What highlights tells us

We read for various reasons. Sometimes, when wrung out, I read to de-stress. In the last two years I’ve turned to Georges Simenon for this reason. Better than alcohol or drugs. But in this time I have also been reading other authors, some of whom would doubtless be considered more literary. One of those has been Elena Ferrante.

I am in the habit of highlighting sections of particular interest, sometimes for what is being said (the thought-content, for example), sometimes out of interest in the author’s craft (scene-setting, characterisation).  And it has struck me when looking over these highlights, that I have found more of note in Simenon than Ferrante.

As my old physics teacher used to say, Is this significant?

Being older now, my reply would be that everything is significant, the trick being to determine what that significance might be. In this case, I plainly find Simenon more interesting. But that may say more about me than either of the authors in question. When I say This book is interesting I really mean I find this book interesting, the subject changing from the book to the reader.

As he deals with his characters and how they relate, Simenon often generalises from their behaviour. In the four books staring with My Brilliant Friend, Ferrante deals at much greater length with her characters, but keeps to the particular more than Simenon and generalises from them less. This is made more noticeable by the fact that these books are much longer than Simenon’s. But I am not an academic and cannot support any of this with statistical analysis.

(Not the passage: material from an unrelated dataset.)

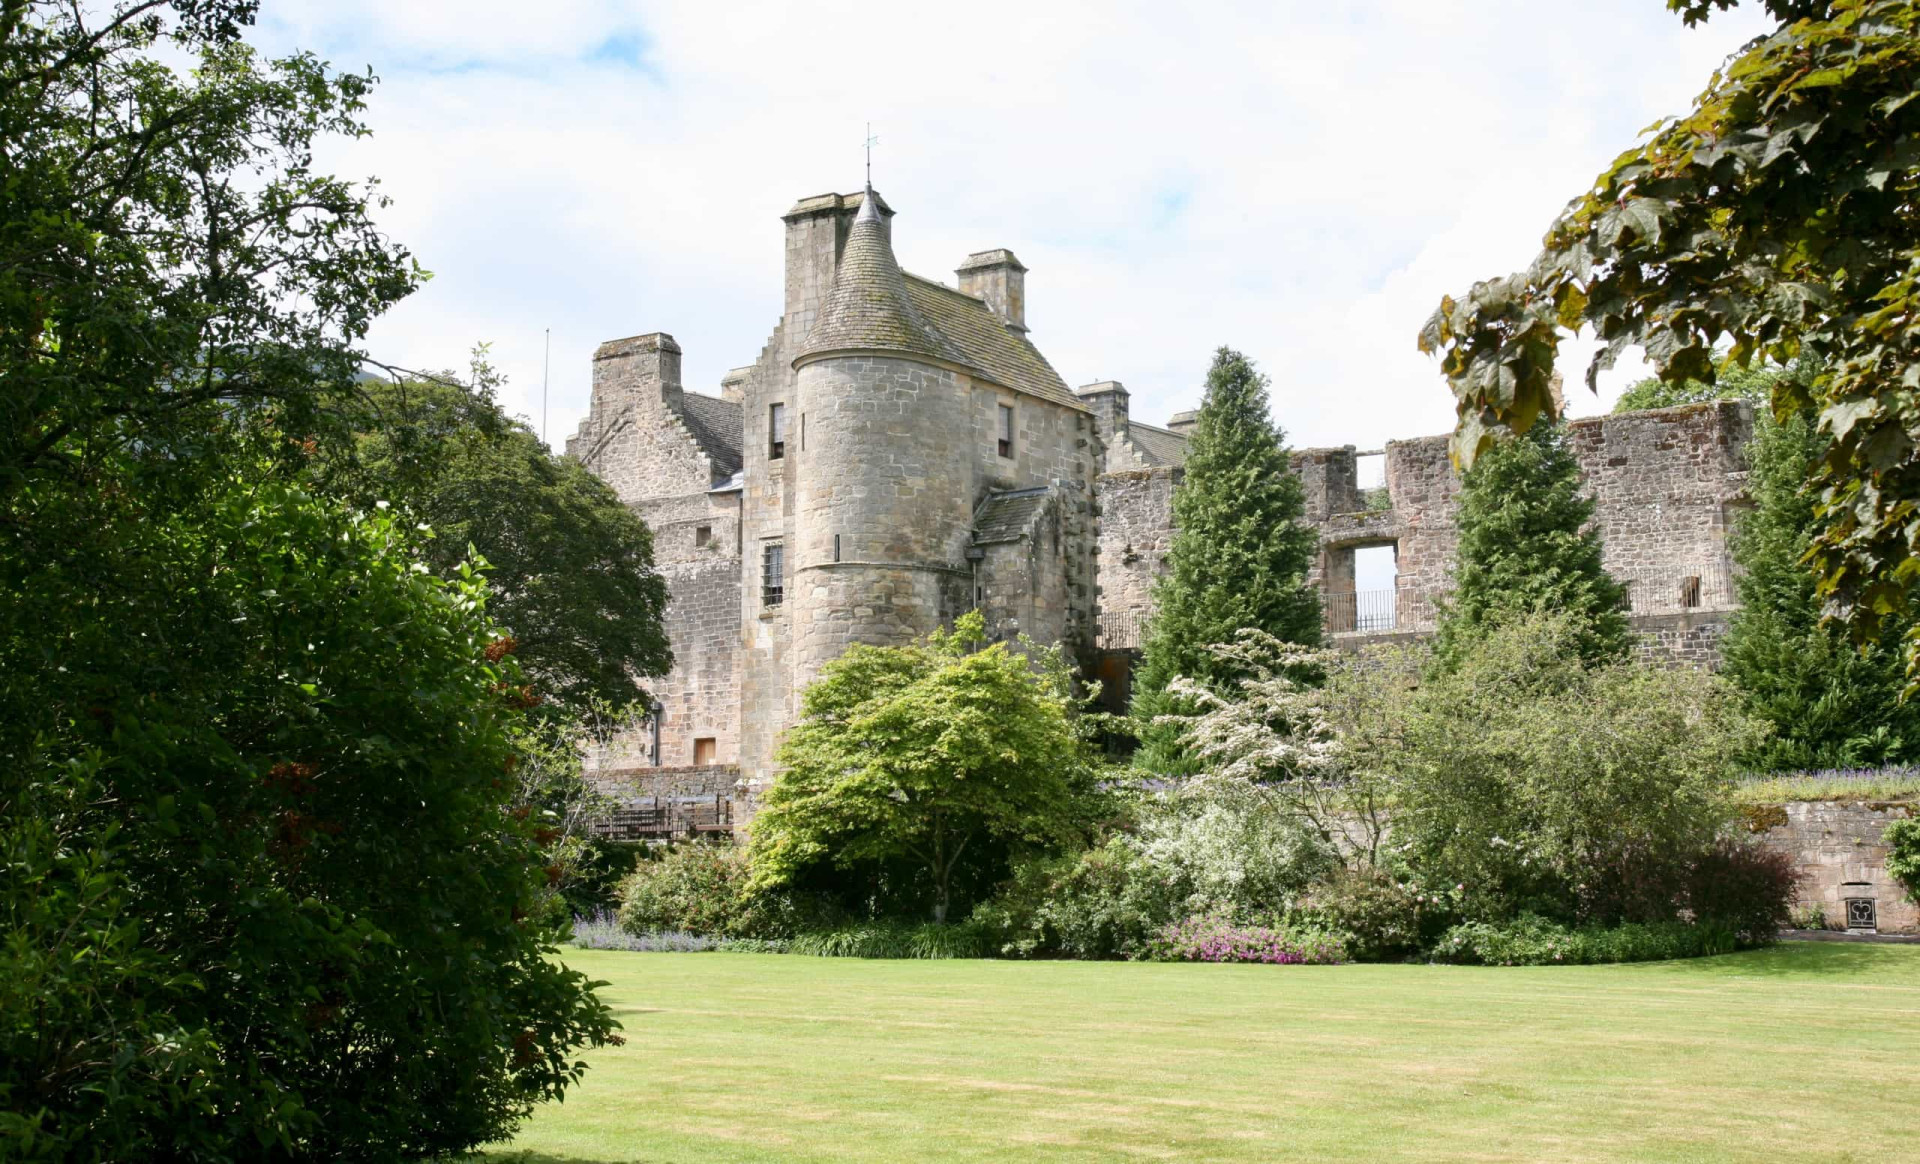 <p>Once a royal country residence loved by Mary Queen of Scots, this grand Renaissance castle is haunted by a tale of doomed romance.</p><p>You may also like:<a href="https://www.starsinsider.com/n/342720?utm_source=msn.com&utm_medium=display&utm_campaign=referral_description&utm_content=479726v1en-ca"> Celebrities who tragically lost their children</a></p>

Sighs of relief all round.

But it often happens that when something springs to the eye in Ferrante, it has usually attracted many. It is not only in the world of antiques that rarity value counts. Here is an example from the second book, The Story of a New Name:

There are moments when we resort to senseless formulations and advance absurd claims to hide straightforward feelings. Today I know that in other circumstances, after some resistance, I would have given in to Bruno’s advances. I wasn’t attracted to him, certainly, but I hadn’t been especially attracted to Antonio, either. One becomes affectionate toward men slowly, whether they coincide or not with whomever in the various phases of life we have taken as the model of a man.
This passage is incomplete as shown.